> **Dataset excerpt**:
########################################

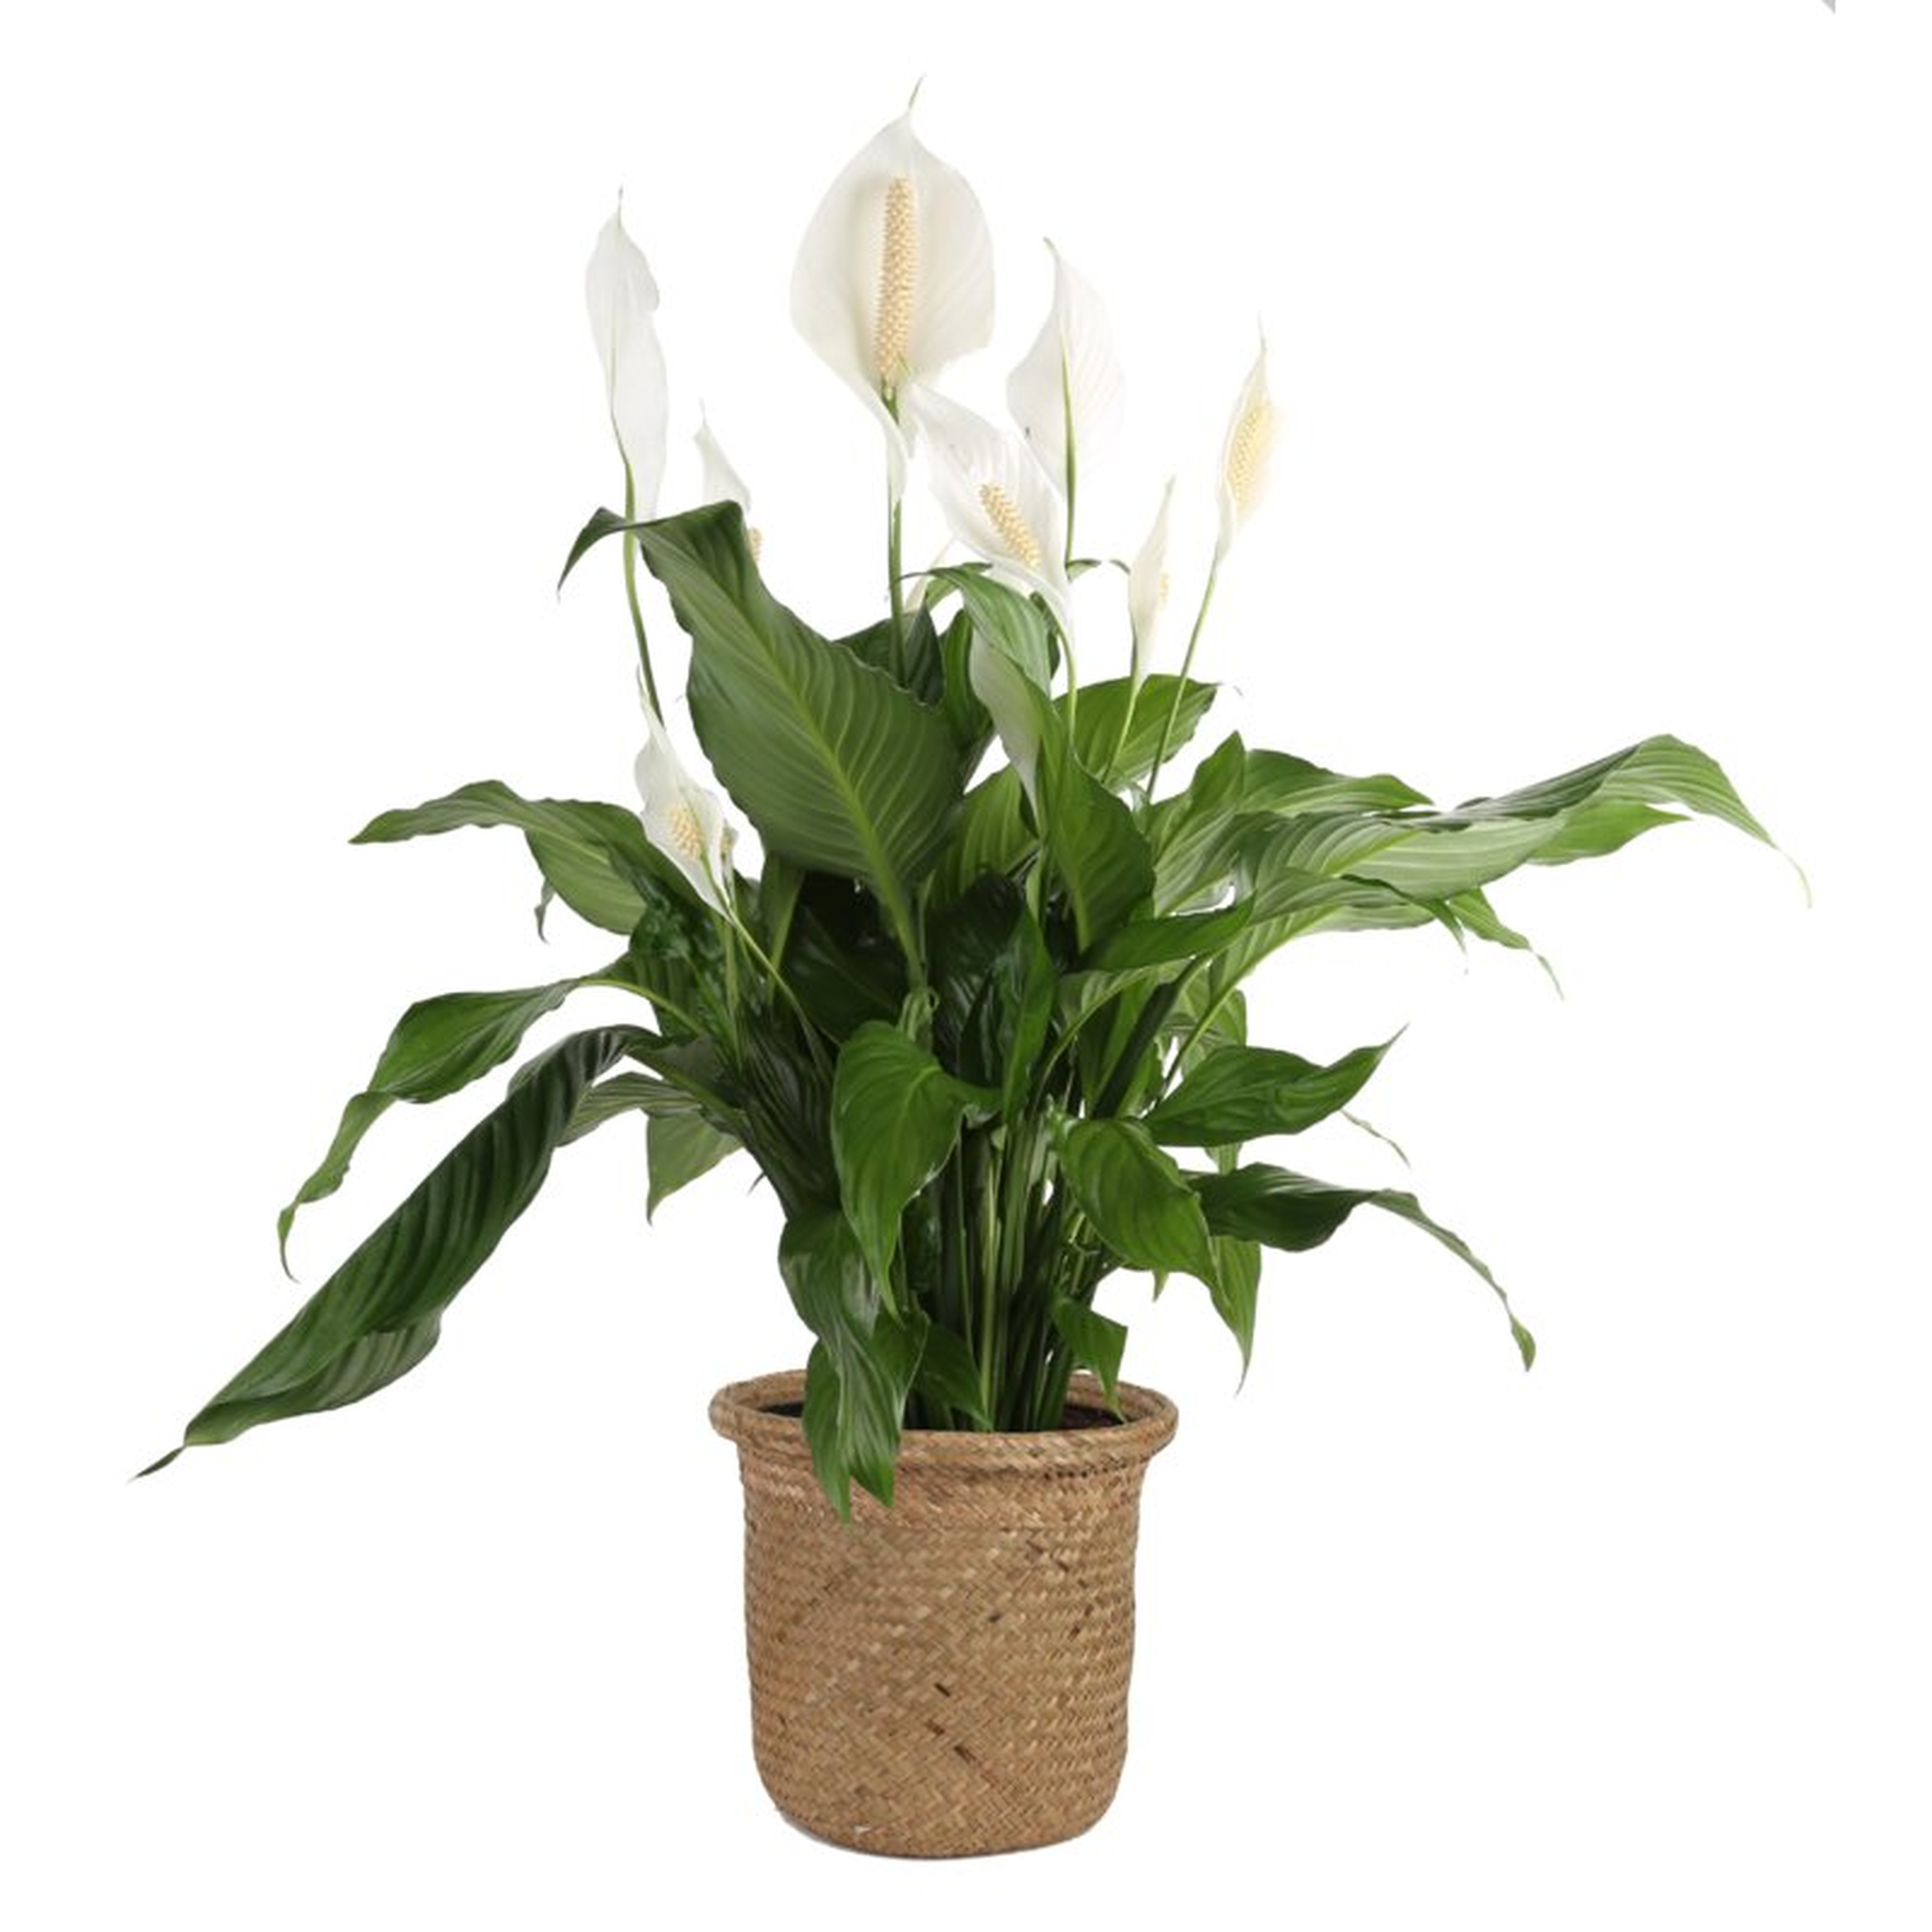 Costa Farms Peace Lily Plant in Basket - Perigold
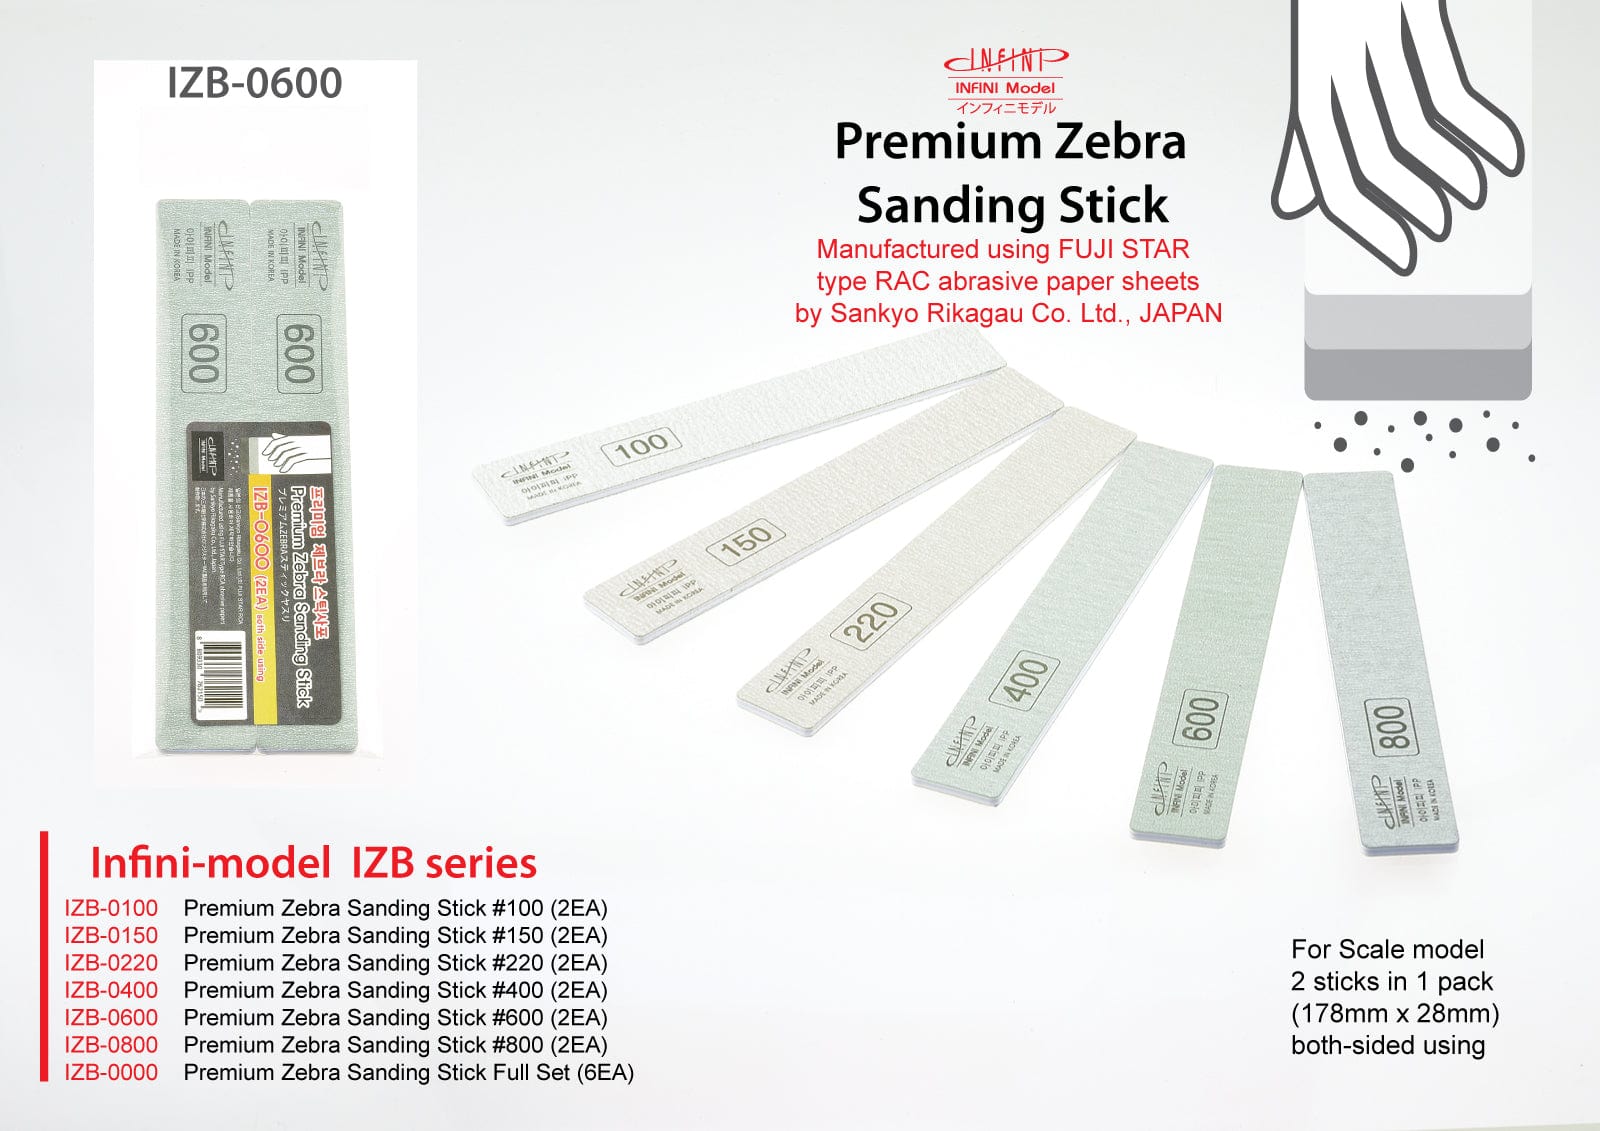 Infini Model Scale Model Accessories 600 Grit Infini Model Premium Zebra Sanding Stick (Sankyo)
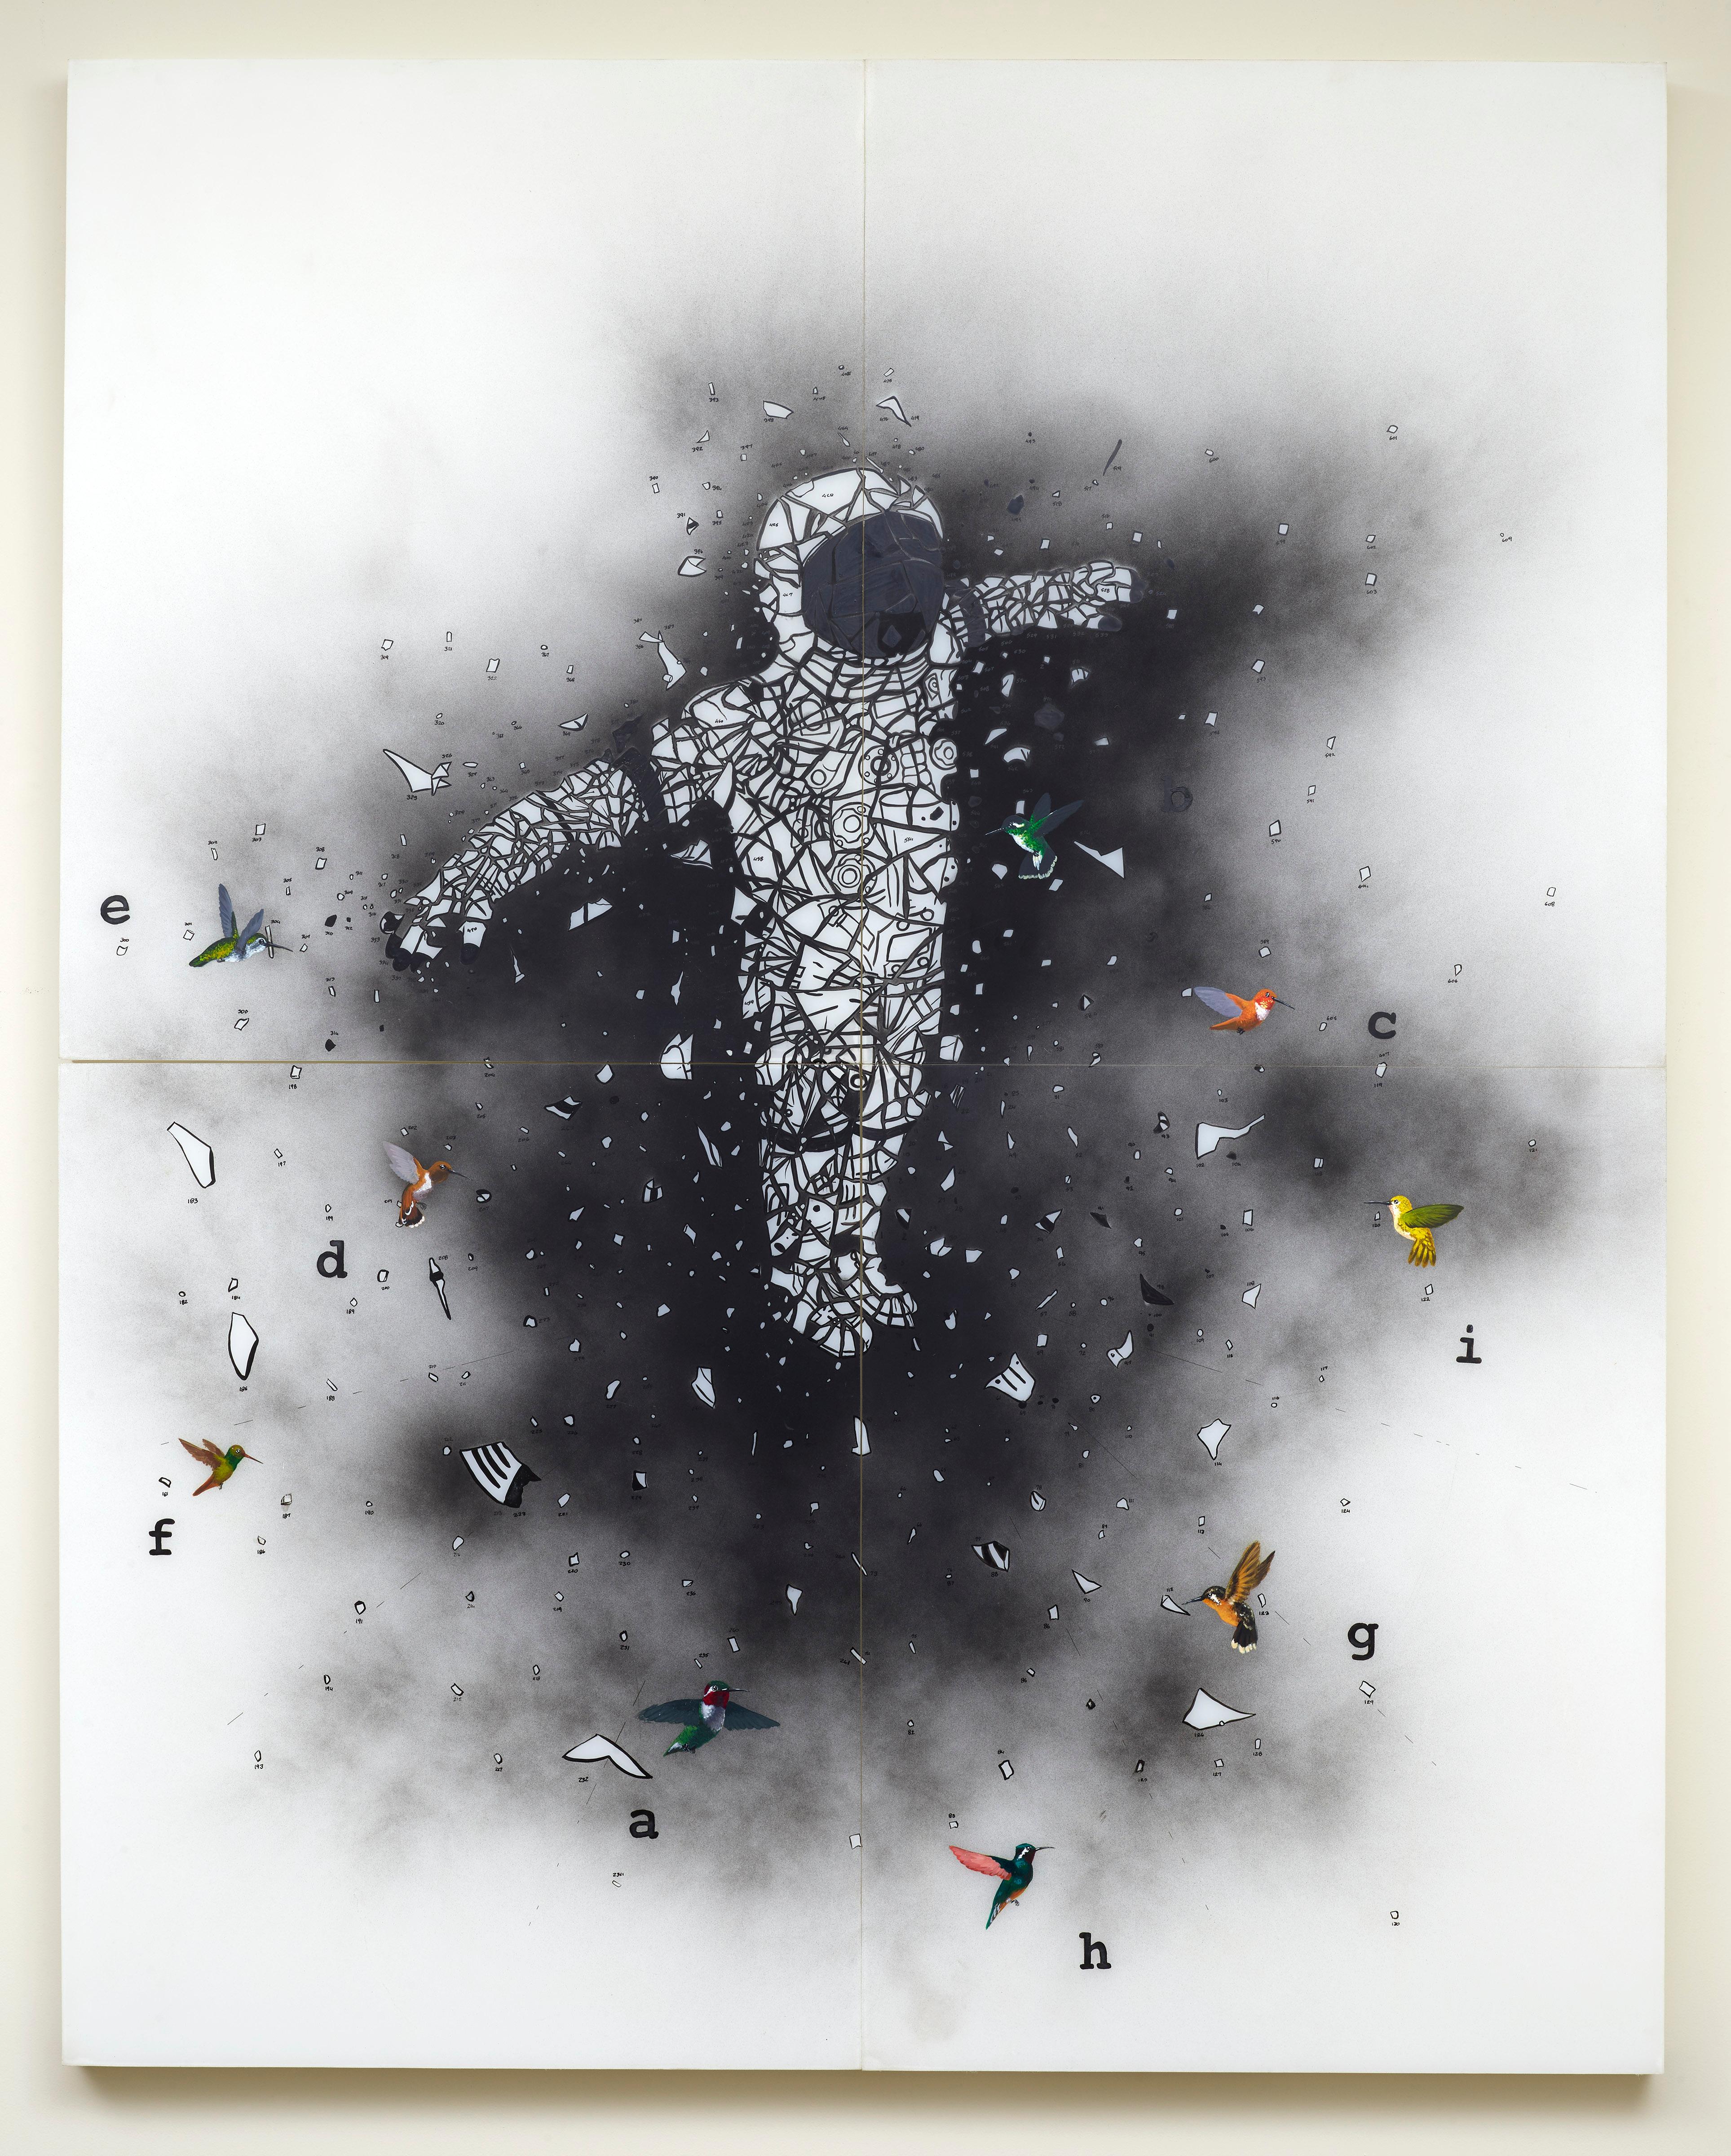 Tavares Strachan Figurative Art - "Expanded - Exploded" 4 piece artwork on mylar

########################################

Return exactly the lines running from the line with "Infini Model Scale" through the final line of the listing. Leave the pictures out.

> **Problem solution**:
 Infini Model Scale Model Accessories 600 Grit Infini Model Premium Zebra Sanding Stick (Sankyo)
 Tavares Strachan Figurative Art - "Expanded - Exploded" 4 piece artwork on mylar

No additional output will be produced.